A task is always associated with at least one node. Tasks can also be associated with multiple node groups, hence the use in assigning node groups based on similar nodes. The nodes associated with a task are the nodes that the task operates on.

Tasks are executed by State at defined intervals. They are also scheduled internally so that the load on the monitoring server is minimal, since many tasks will operate at similar intervals. Inside each task is a collection of Queries, which are executed to perform the bulk of the processing related to the task. Tasks can also have properties/attributes that are used by extension modules for things not completely related to executing the tasks, these are explained in the extension module docoumentation and in the area walking through the configuration file.

Vitals

State revolves around the concept of Vitals. A vital is the object that changes to reflect changes in the health of the network. Every vital is associated with a node. It's the history and evolution of the vitals that we as system administrators are interested in. Vitals have a number of properties that are interesting. They have a status which describes how healthy they are, such as NORMAL, ALIVE, or WARNING. Each one as a simple text message called a note which describes its status in human terms and gives details we can use to discern problems. Vitals also fall into categories or types which make grouping them easier for certain jobs and purposes. Each vital also has a name, which identifies the vital. Names are unique on a node. No node can have two vitals with the same name. Finally, there are a number of other details that track when and how often the vital is being updated and when the vital changed.

Every vital has a history, a series of changes in status that is recorded. Using this information we can determine how often the vital is healthy and how often it is unhealthy. In addition, we can get a glimpse of how things were at a specific instance in time, all we need is a little creative SQL and a little one on one with the PostgreSQL database.

Queries

Each Task contains one or more Queries which are executed to actually gather information. Queries look very much like simple URIs, much like web URLs, only they are much, much more. There are two types of Query URIs, local and remote. Local Query URIs are executed on the local State server, Remote URIs are executed on remote State instances using HTTP. Here are some simple examples of Query URIs:

/state/kernel/loadavg
state://192.168.0.223:3434/state/network/ping
/state/network/ping
state://192.168.0.25/state/filesys/df
    

Pretty simple actually. The path portion of the Query URI is the only required part, everything else is either assumed or derived. The Path decides which handler is invoked on the State server. Handlers are provided by extension modules. By default, the handler tree, which can be thought of a simple file system like proc, is completely empty. Only when you begin loading modules into a State instance are valid paths created and handlers installed. You can install your own handlers if you like also by writing your own custom handlers. All State URI paths begin with /state, it is the root of the hierarchy.

Notifications

Notifications are your eyes and ears into what's going on with your State installation. Typically, you'll be receiving notifications in the form of e-mails from mod_mail's interaction with mod_notifs. Because e-mail is a common gateway to paging, it's pretty safe to assume that it's a fairly common module to load and let handle your notifications.
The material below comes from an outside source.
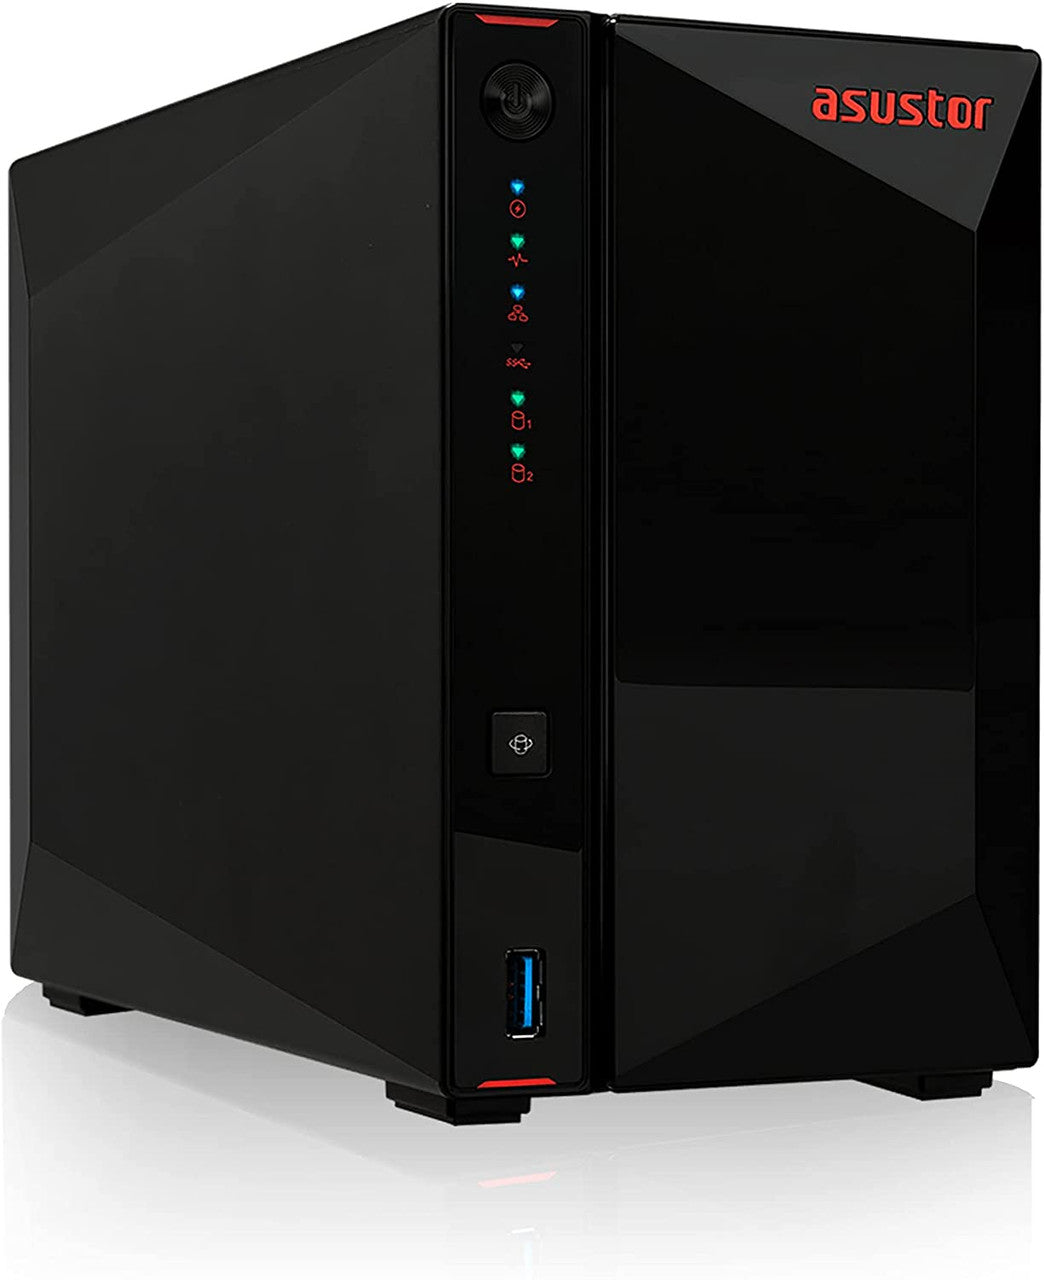 Asustor AS5202T 2-Bay Nimbustor 2 NAS with 2GB RAM and 24TB (2 x 12TB) Western Digital RED PRO Drives Fully Assembled and Tested

Each task is placed into a Notification Type, which determines how notifications for problems arising from that task are handled. Notifications are quirky, and so it's necessary that you understand how things work so that you can design them to notify you in the most optimal way. For a description of notifications, see the documentation on mod_notifs, it's all in there.

Walkthrough

A State configuration file can be quite large and complicated. There are a number of different areas that you have to tweak, adding and removing things from in order to get it all worked out. There's a reason for this though - State is extremely flexible and is designed to be easily extendable in the future. This design axiom is reflected in his configuration. Often times you'll find yourself giving what you may consider too much information or giving simple information in a complicated manner. This is just your imagination, it's fine. Perhaps in the future we'll provide a simpler file format and a conversion tool. Until then, just go with this.

Global/Main

All State configurations begin with a very straightforward collection of tags and instructions. It is in this main area where the database is initialized, modules are loaded, and some global properties are assigned.

        

Modules

Nodes

Tasks

Notifications

Disk

RRD

Soft States

Chapter 4. Source

Outline

Hopefully you'll be filled with a deep urge to extend and contribute to State, fixing bugs and adding new features. In order to do that best though, you'll need a grasp on the source. So, here's some information on a few things that may be a little curious to newcomers. Before you start hacking on things, please read this section, it'll help iron some details out for you. Any other questions can just be redirected to the mailing list, that's what it's there for.

Apache Portable Runtime

State makes extensive use of the Apache Portable Runtime. APR is a portability layer developed for use by the Apache web server to hide non-portable code away from the server's core. It provides a very useful API for developing C based server software. State uses every feature that APR provides so that the software remains as portable as possible, or as portable as Apache anyway. For more information on APR, see the APR web site at http://apr.apache.org/.

Memory Pools

Because the software is written exclusively in C we found it very important to keep things as fast and robust as possible. Memory leaks are a common destroyer of robustness and so great care was taken to eliminate them. One attack that was used was the Memory Pool API included in the APR library. Memory pool's are simple region-based memory allocators. Nearly every method in the API takes an apr_pool_t from which it will allocate any necessary memory or resources. When all the work is done, the memory pool will then be destroyed. Memory pools can also be cleared, which allows the memory already allocated to the pool to be reused and is necessary in unbounded loops and other similar situations.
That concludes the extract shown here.